→ WHAT YOU ARE ASKED TO DO: Pictures stay out of the copy; output exactly the lines from the one containing "The Three Bears" through the end of the material.

→ GIVEN DATA:

*****

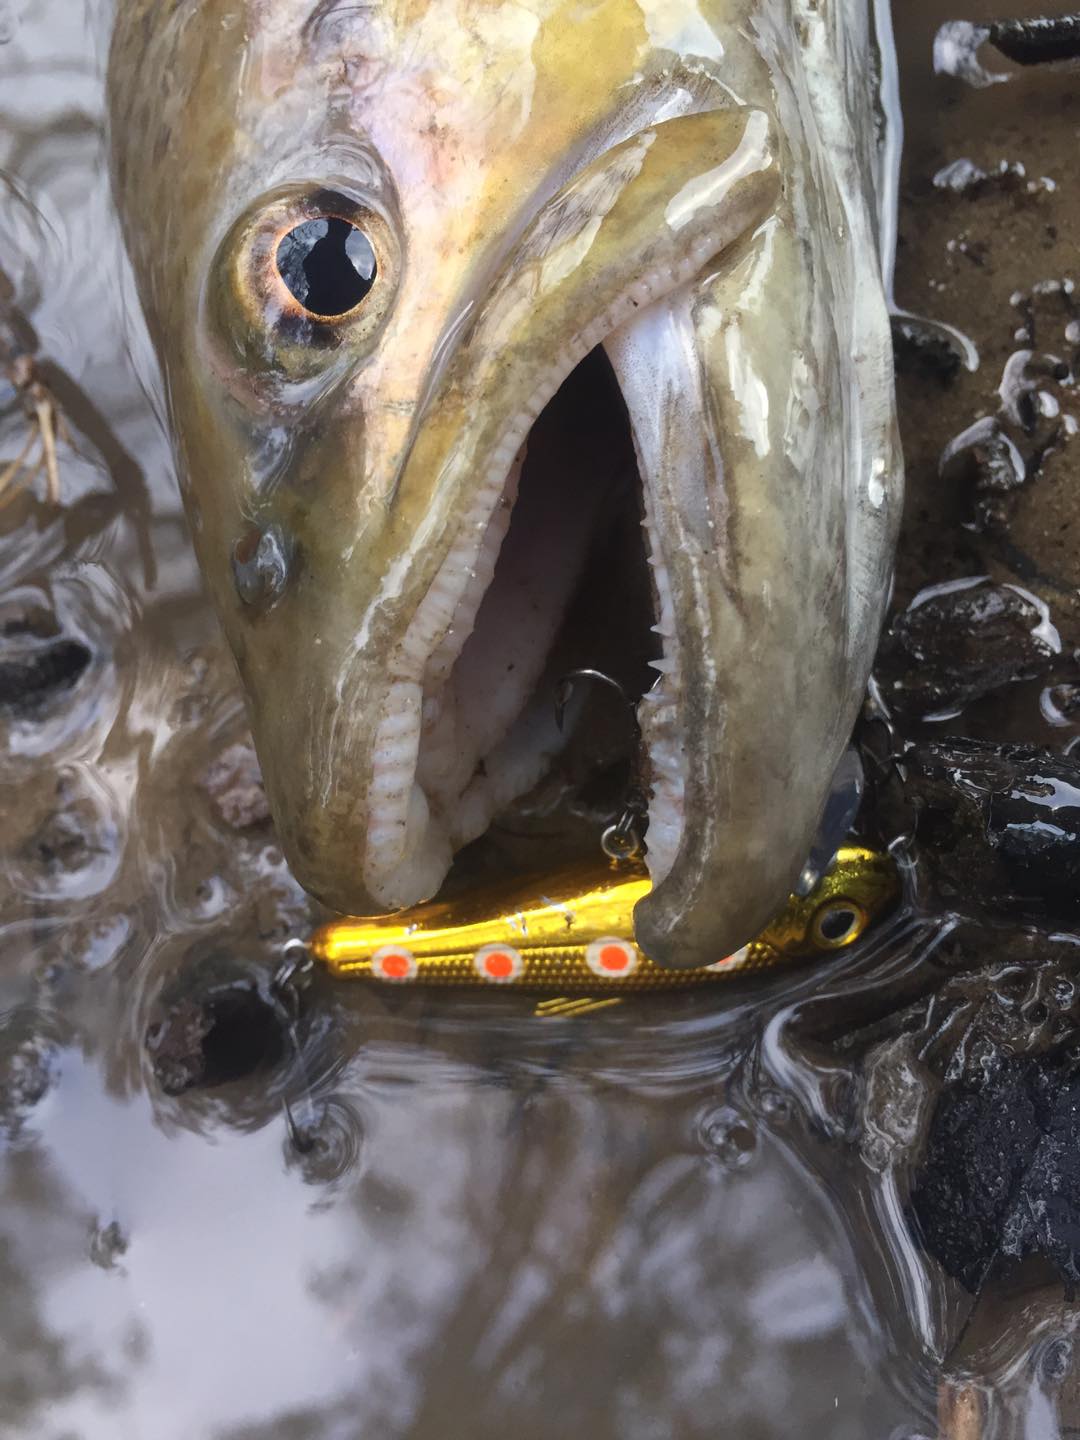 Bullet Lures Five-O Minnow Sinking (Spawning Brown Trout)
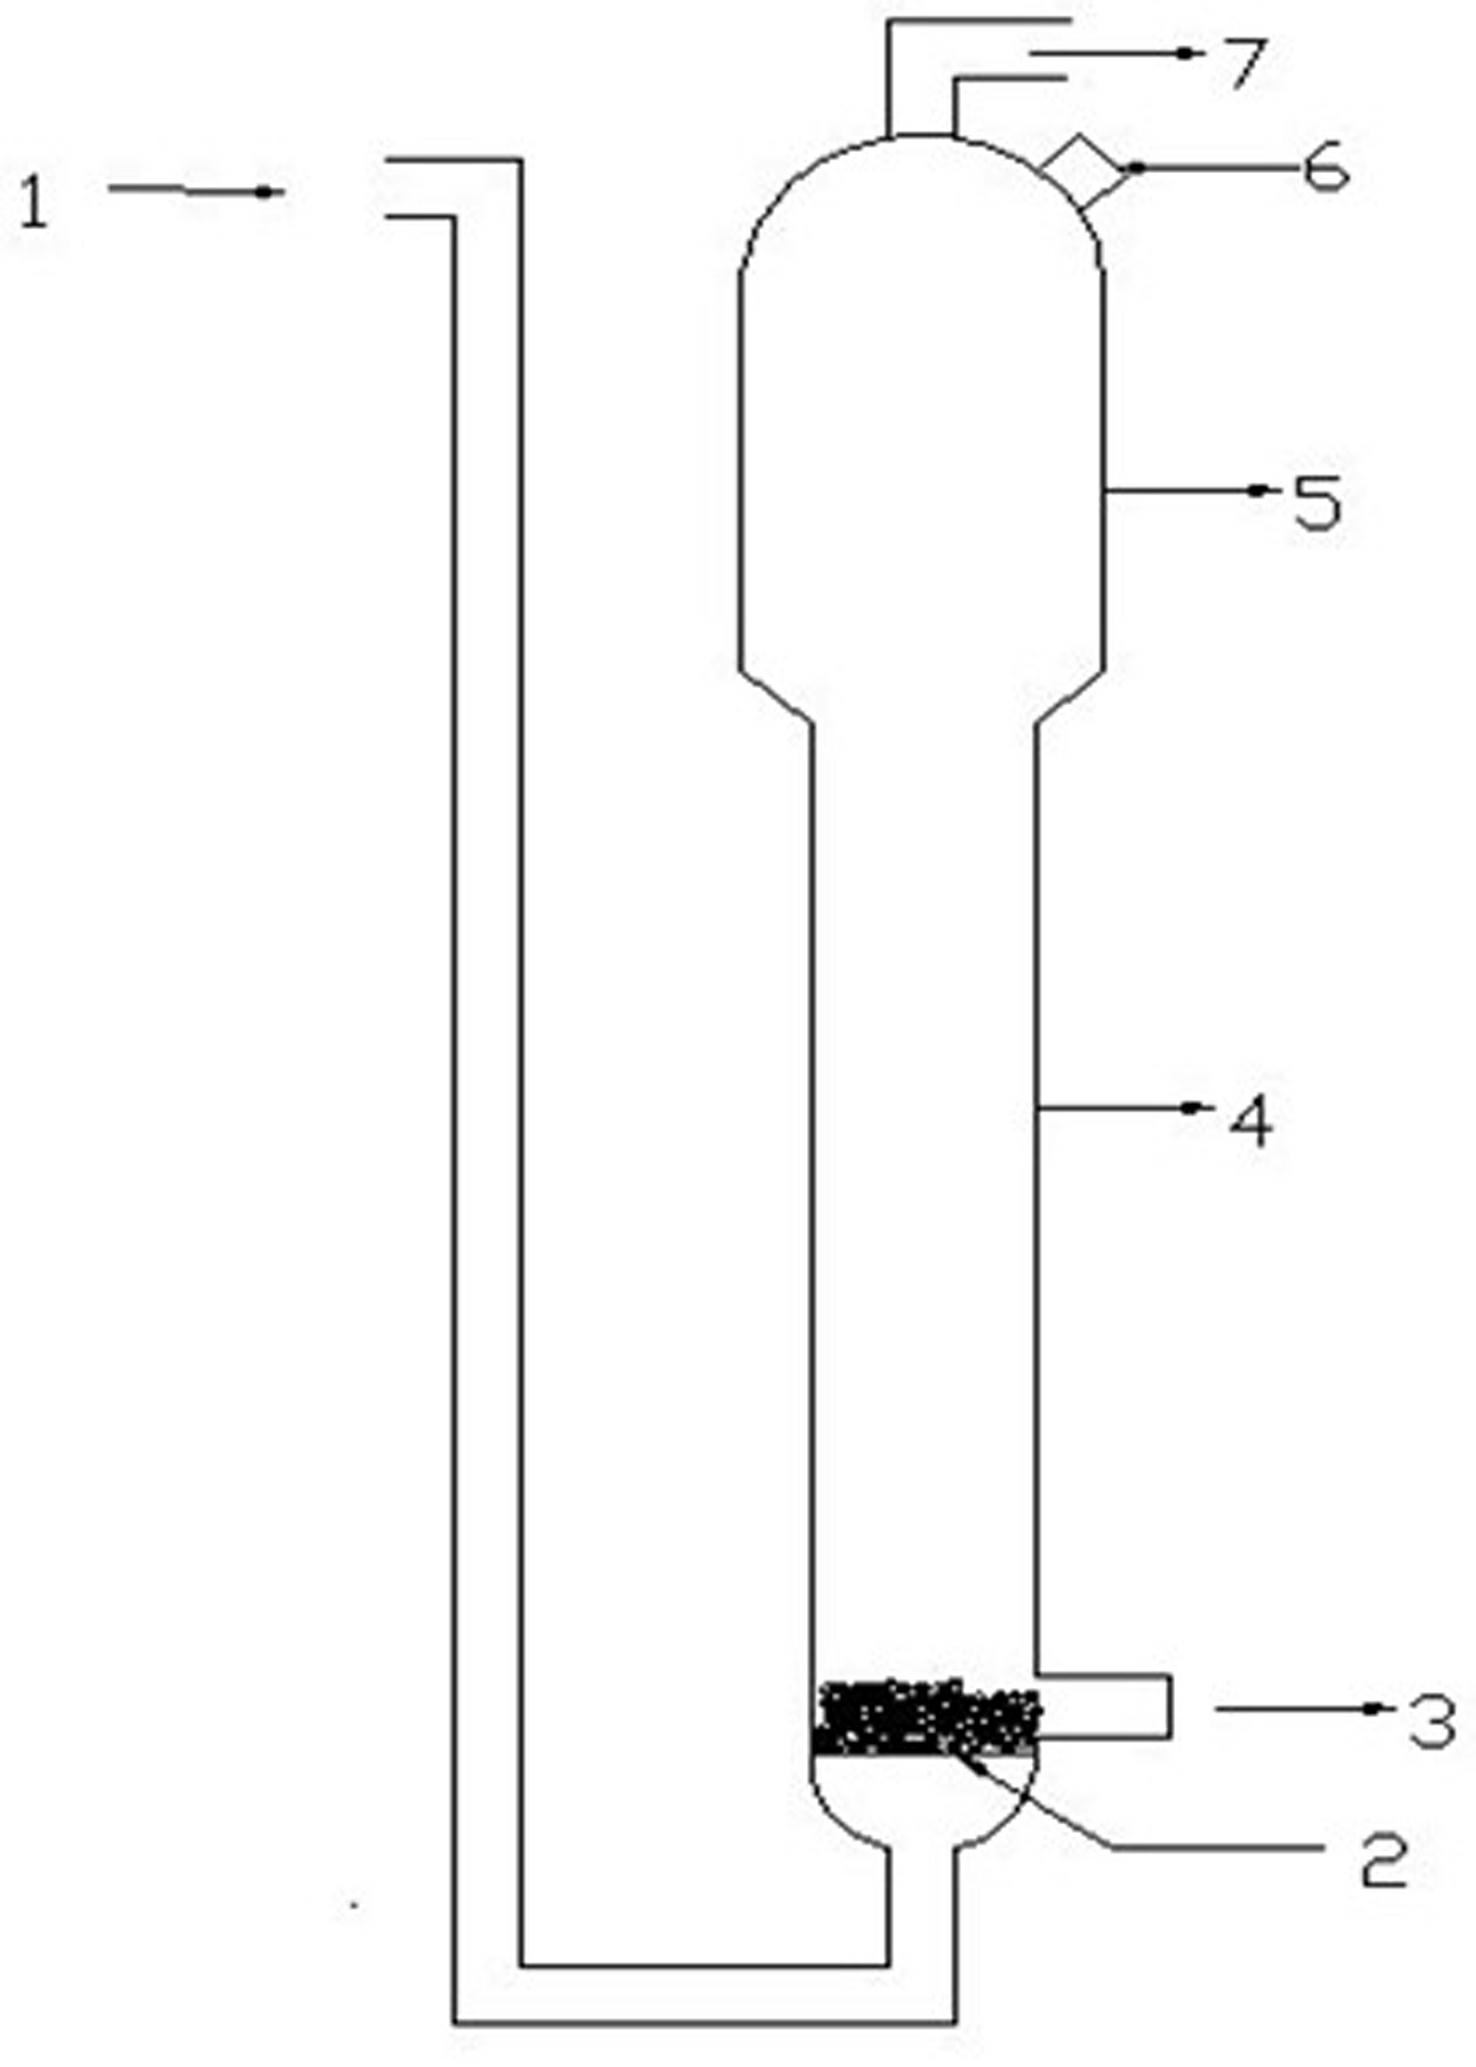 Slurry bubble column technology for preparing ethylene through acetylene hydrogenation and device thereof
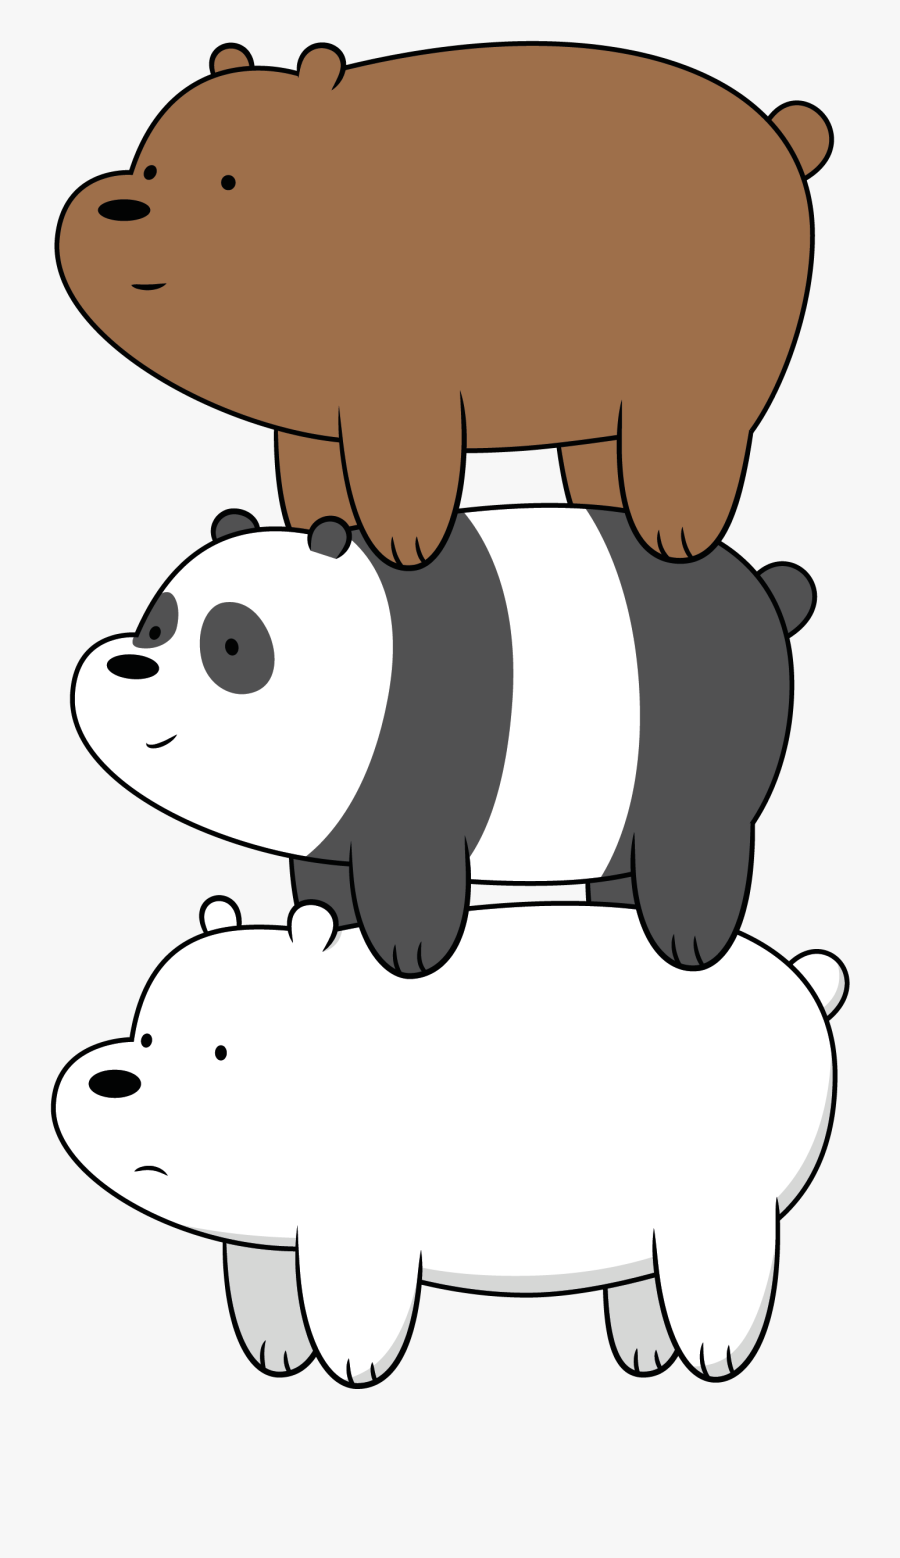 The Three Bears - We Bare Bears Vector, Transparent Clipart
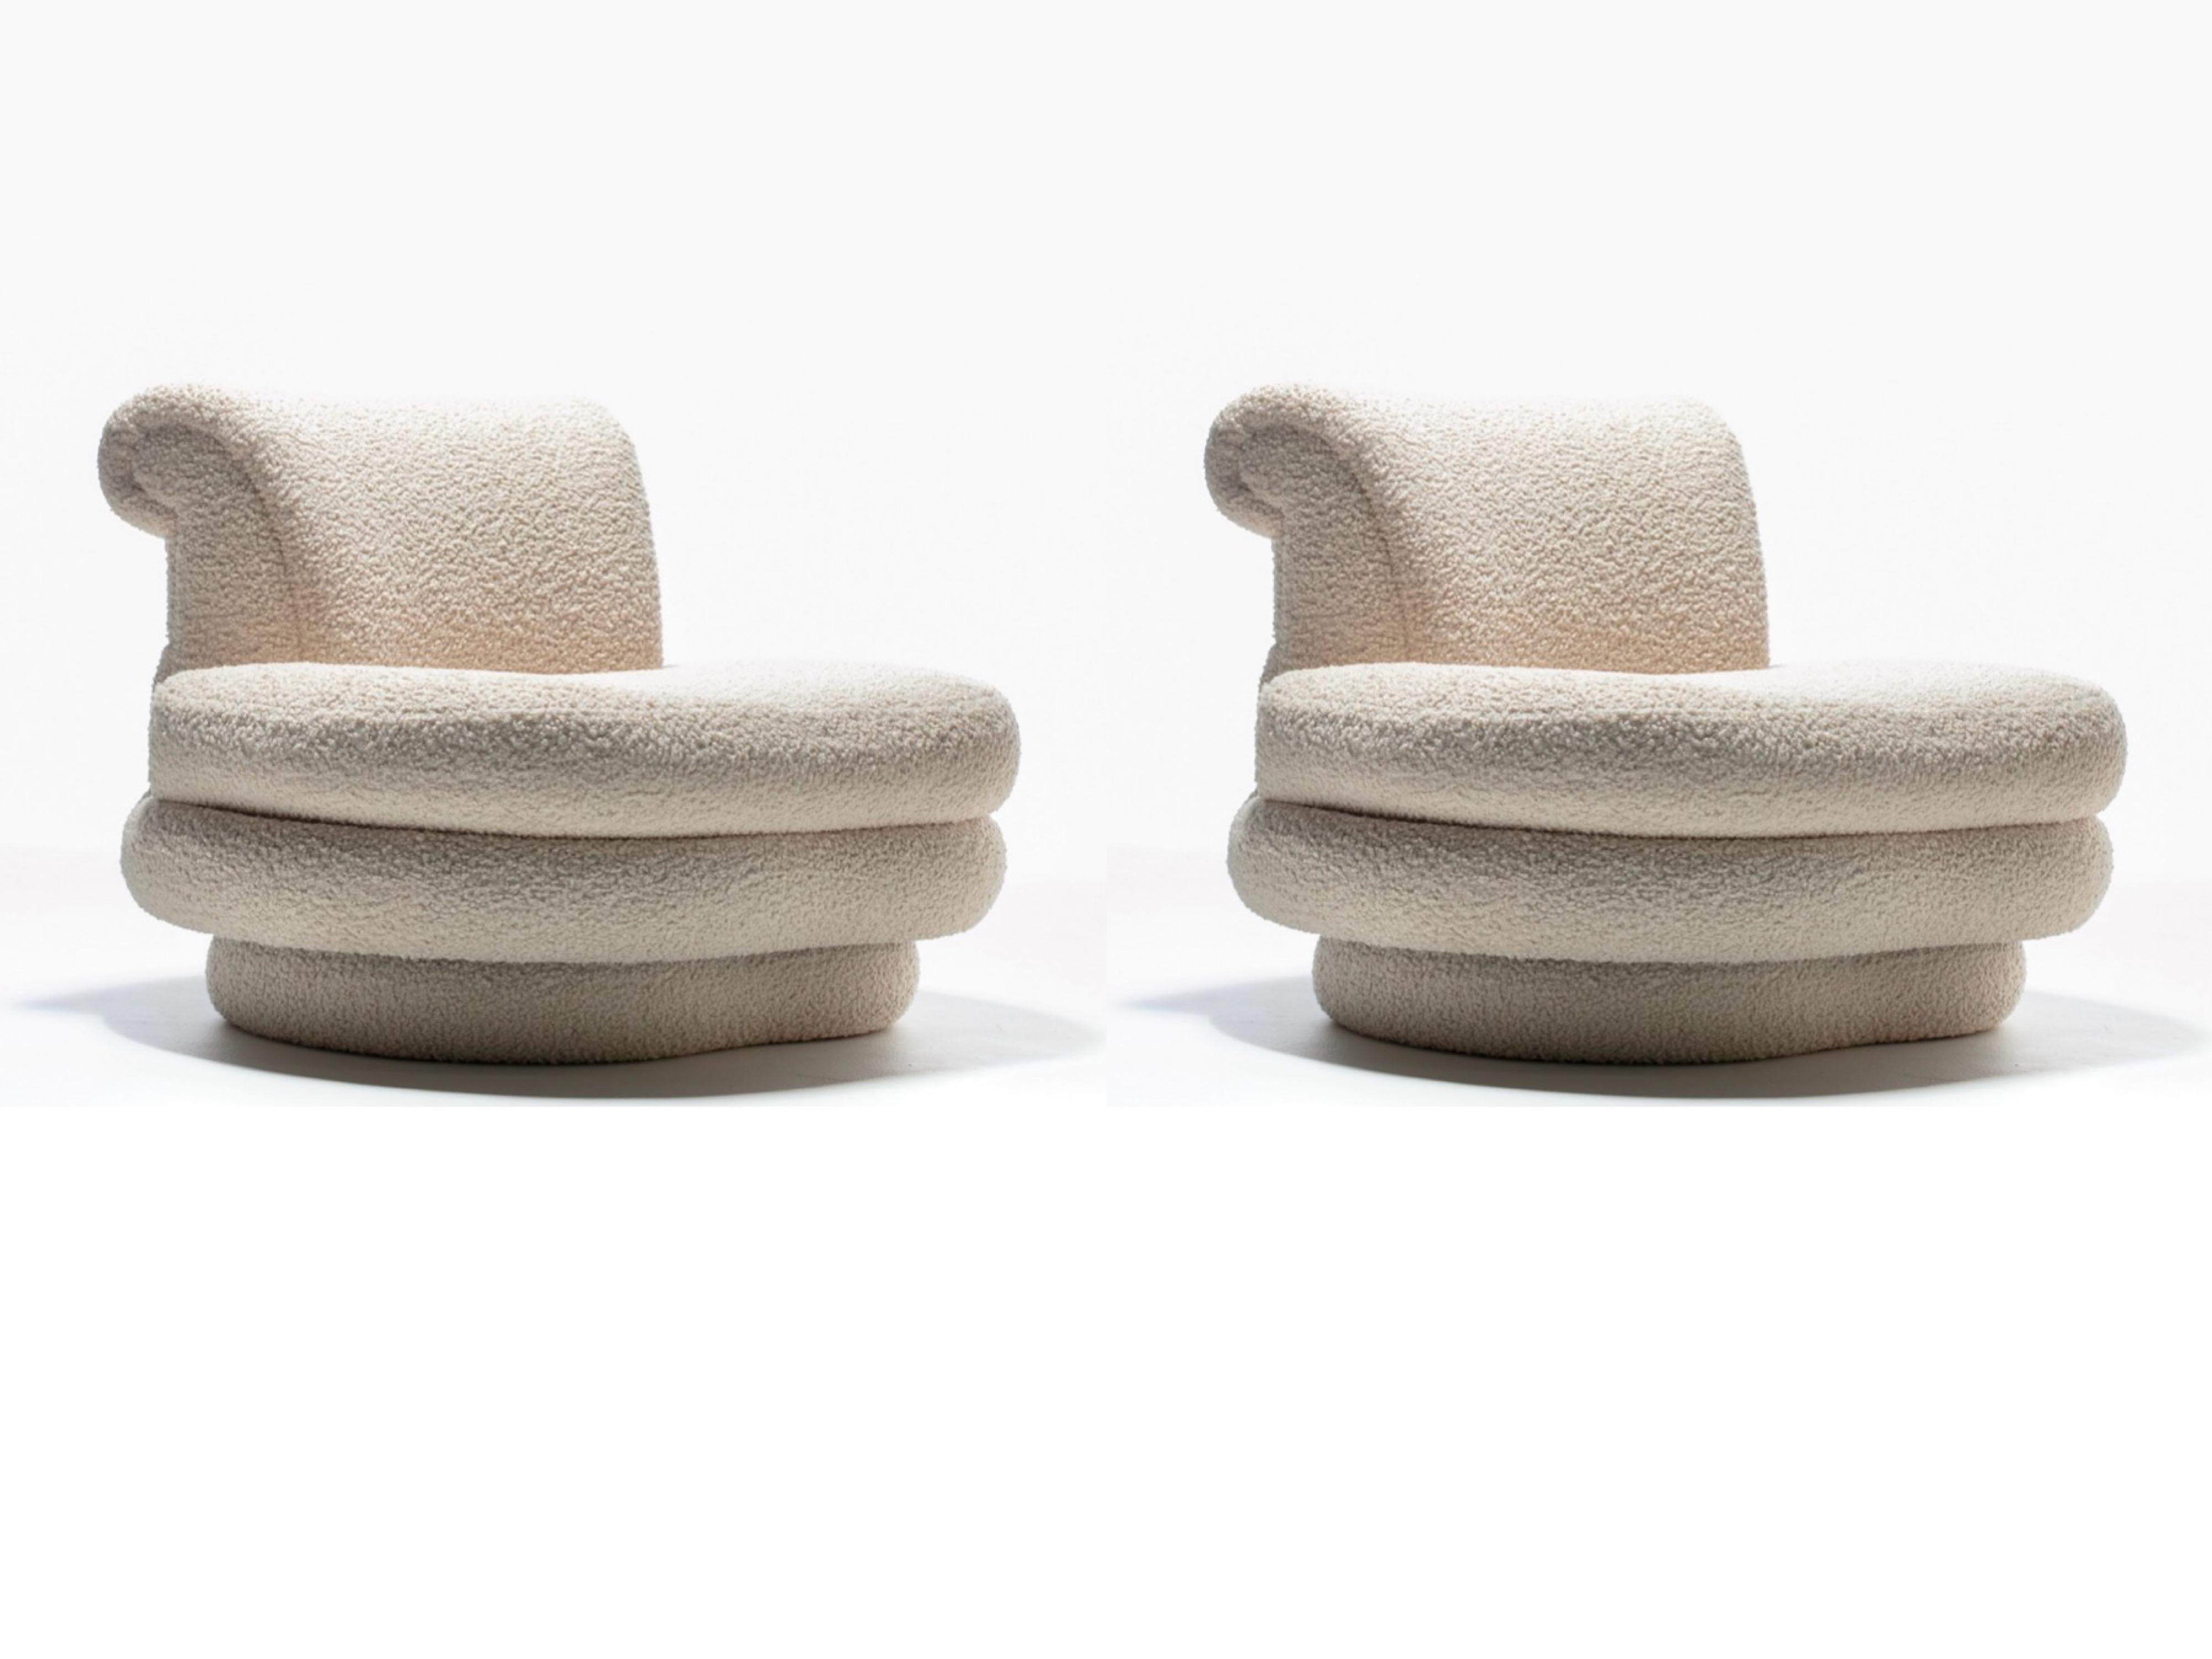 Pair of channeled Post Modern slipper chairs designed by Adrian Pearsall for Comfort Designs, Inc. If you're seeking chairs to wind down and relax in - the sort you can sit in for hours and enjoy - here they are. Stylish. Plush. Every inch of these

*****

→ REPLY TO THE TASK:
 The Three Bears - We Bare Bears Vector, Transparent Clipart
 Pair of channeled Post Modern slipper chairs designed by Adrian Pearsall for Comfort Designs, Inc. If you're seeking chairs to wind down and relax in - the sort you can sit in for hours and enjoy - here they are. Stylish. Plush. Every inch of these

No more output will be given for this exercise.